In order for a medical device to be studied or marketed in the US, the applicable laws must be followed. For most endovascular devices, this includes obtaining marketing clearance or approval by the FDA, or an approved investigational device exemptions (IDE) application if it is to be studied clinically. As described previously, this involves submission by a manufacturer or sponsor of documents containing the information necessary to support the marketing clearance or use in a study. These documents must be thoroughly evaluated by the review staff in the Office of Device Evaluation (ODE) in the Center for Devices and Radiological Health (CDRH) at the FDA. Following is a description of a new initiative to provide the ODE additional resources to optimize the timeliness and quality of their reviews of such documents.

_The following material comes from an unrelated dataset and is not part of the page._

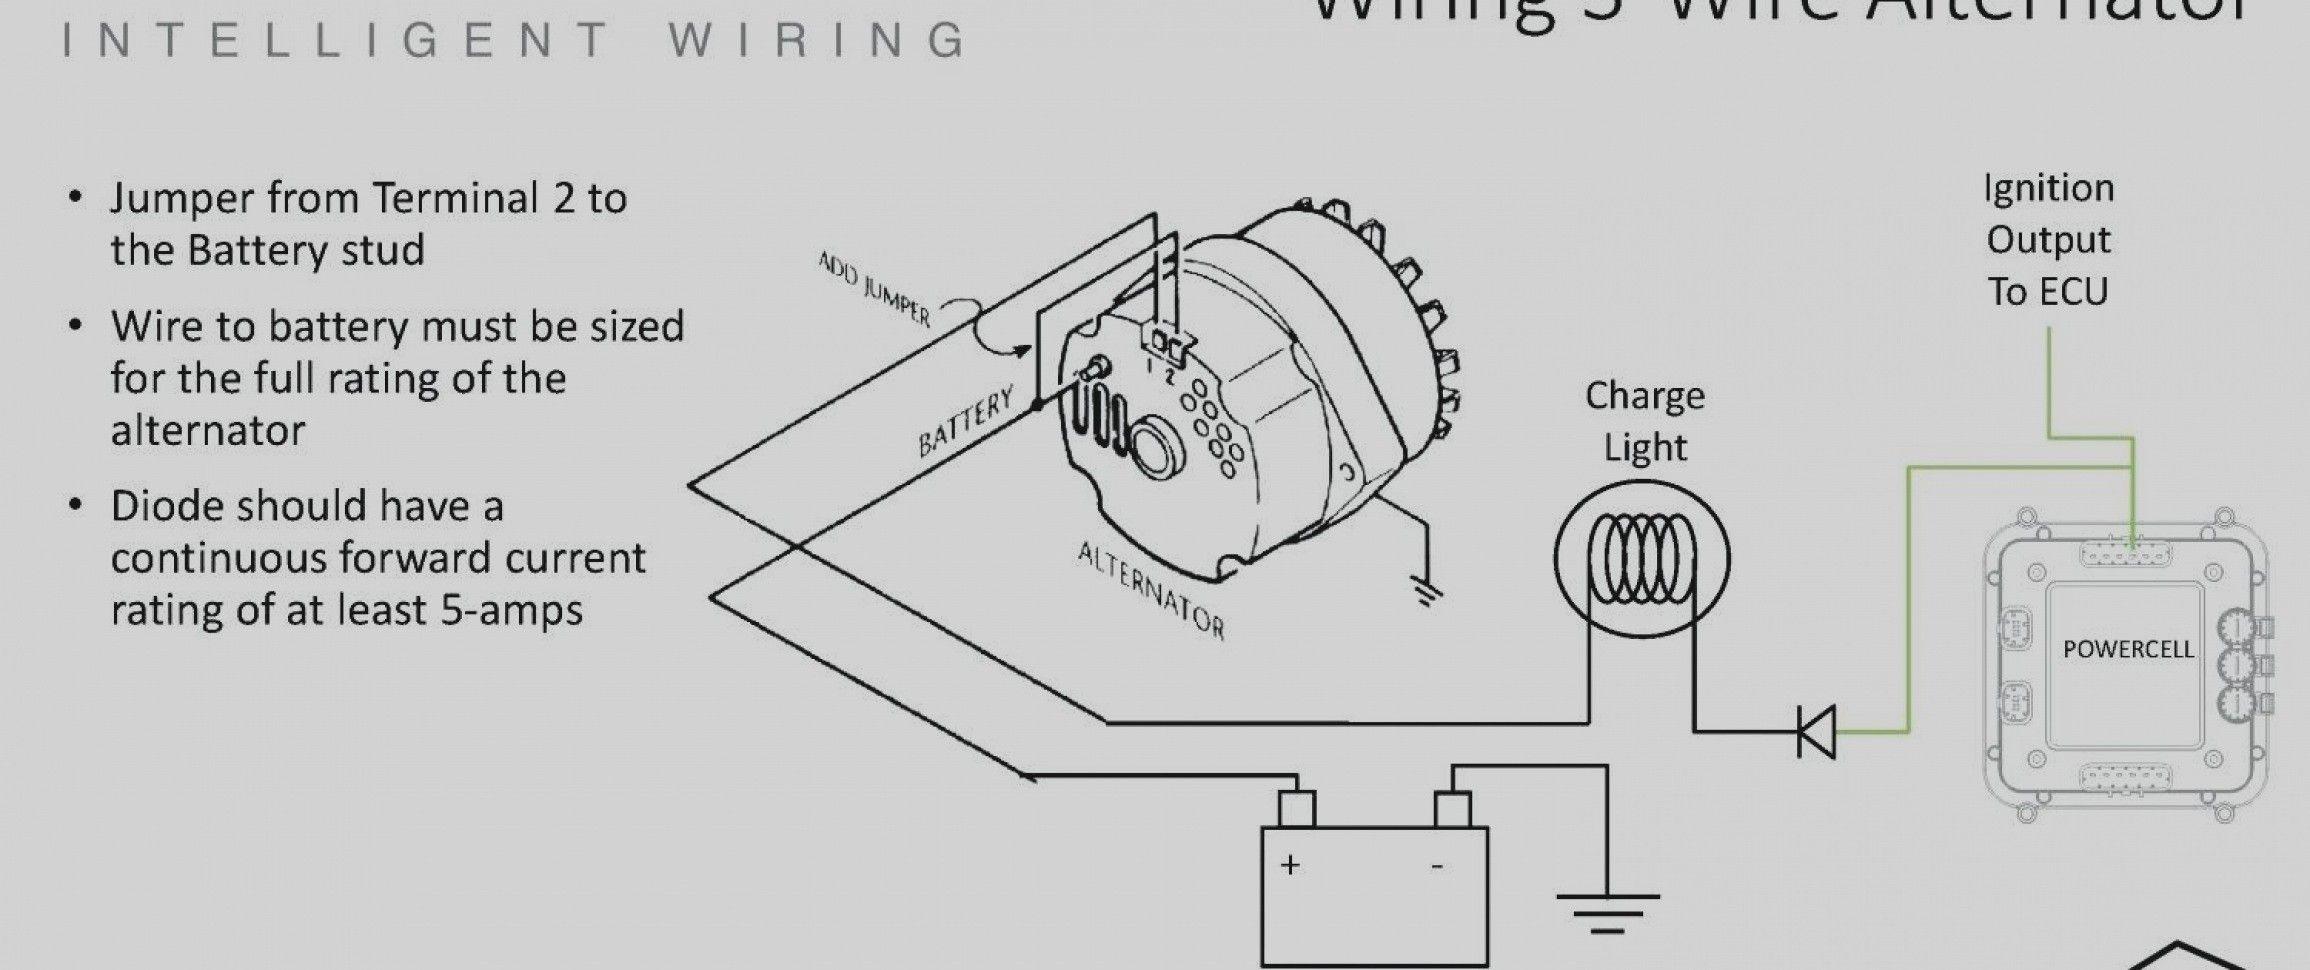 Luxury Wiring Diagram Of An Alternator #diagrams #
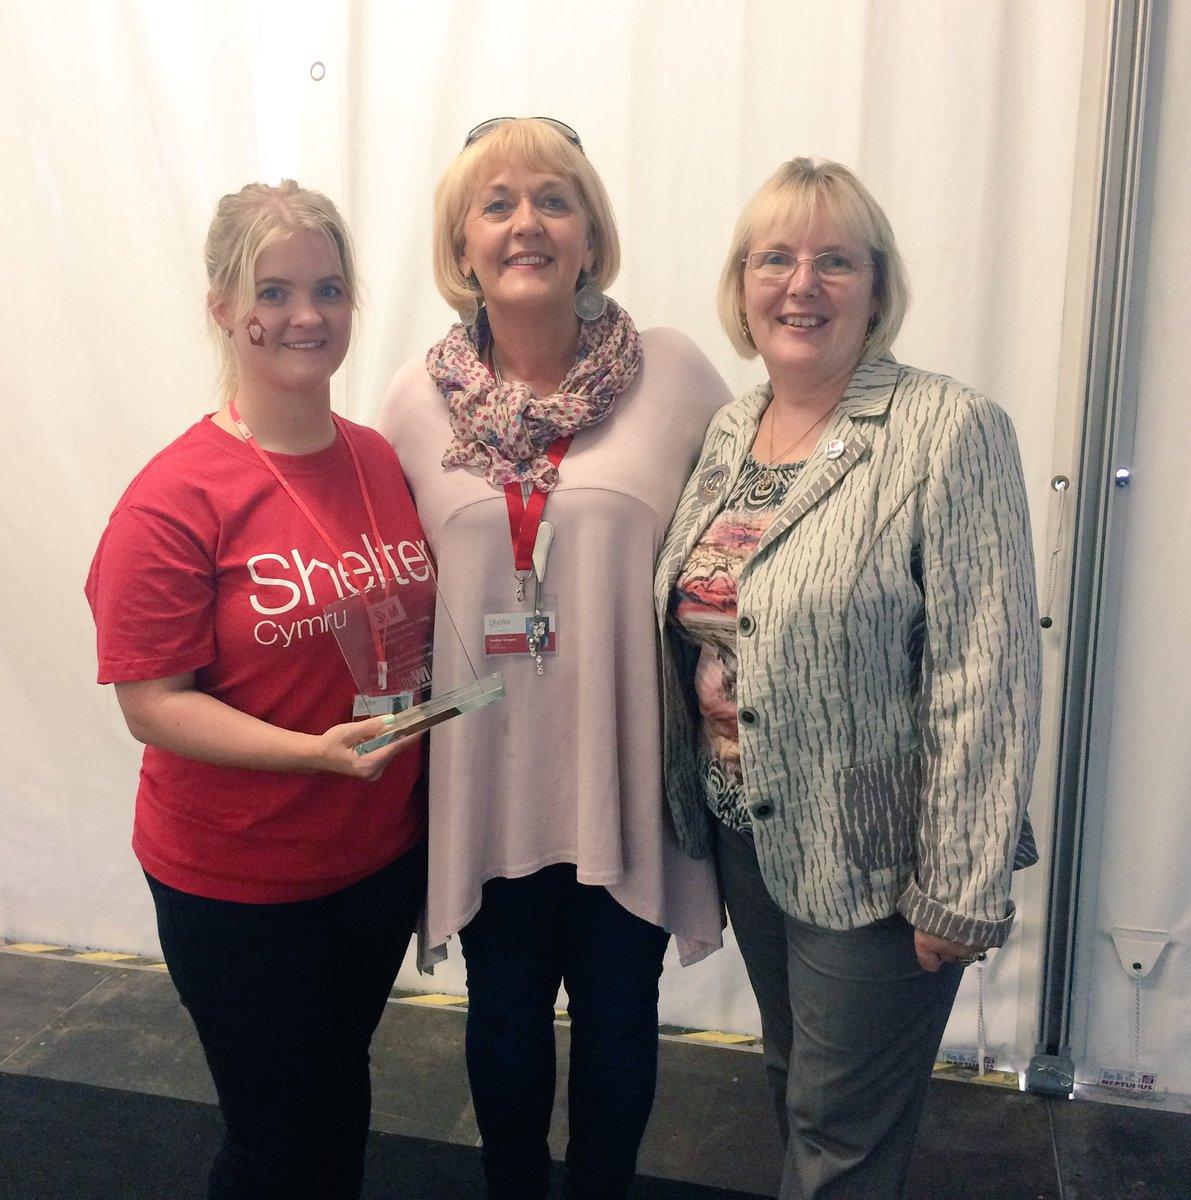 A great privilege to win 2nd prize at @eisteddfod for best stand. Mae'n fraint ennill yr ail wobr am y stondin orau. https://t.co/stQl7V7vvF

From the ODE Annual Report for Fiscal Year 2002 (ie, September 2001 to October 2002), more than 10,000 documents are received per year for review. Fortunately, more than 10,000 are also completed, so the balance stays fairly constant, although those received are not necessarily the same as those completed (Table 1).

Last year, the Division of Cardiovascular Devices (DCD), responsible for review of endovascular and other vascular and cardiovascular devices in the ODE, reviewed almost 2,500 original IDEs and IDE supplements, more than 900 510(k) submissions, and approved around 10 new PMAs and almost 300 PMA supplements. With fewer than 50 reviewers on staff to evaluate these submissions, each reviewer has to assimilate and evaluate a vast amount of information in a limited period of time. It is not unusual for a staff member to be reviewing 10 or more submissions at once. Given the relatively heavy workload in this Division, as well as the critical nature of many of the devices reviewed, the Division’s need for additional resources is particularly acute.

One approach CDRH is taking to address this resource challenge is to make greater use of expertise from the outside medical and scientific communities. Although outside experts, including advisory committee members, have been consulted on device issues to a limited extent for many years, the Center is now taking this approach to a new level with the establishment of the CDRH Medical Device Fellowship Program (MDFP).

The MDFP is designed to expand the capacity of CDRH to evaluate a growing number of highly complex medical devices, as well as to help with some of the Center’s more routine work, by recruiting qualified individuals for short-term and/or part-time appointments. Most fellows spend an initial period of time—typically 3 months or more—at CDRH learning the medical device review process. At the end of this period, fellows may choose to maintain a consultative relationship with CDRH, either on-site or from an off-site location, return to their academic institutions for further training, or pursue related careers.

Beginning last August, one of the first MDFP participants, a third year medical resident, spent 6 months in DCD reviewing submissions in various phases of the approval process, and participating in collaborative discussions regarding clinical trial design challenges for specific medical devices. This individual has since chosen permanent employment with CDRH and at the same time will be maintaining a clinical appointment with his academic institution.

Another participant, a heart failure expert from Case Western Reserve University, devotes 20% of her time to Center work, telecommuting from her home in Ohio. A cardiothoracic surgeon from California devotes 100% of her time to CDRH review and consultation, working from her home state and traveling to CDRH headquarters in Maryland as needed.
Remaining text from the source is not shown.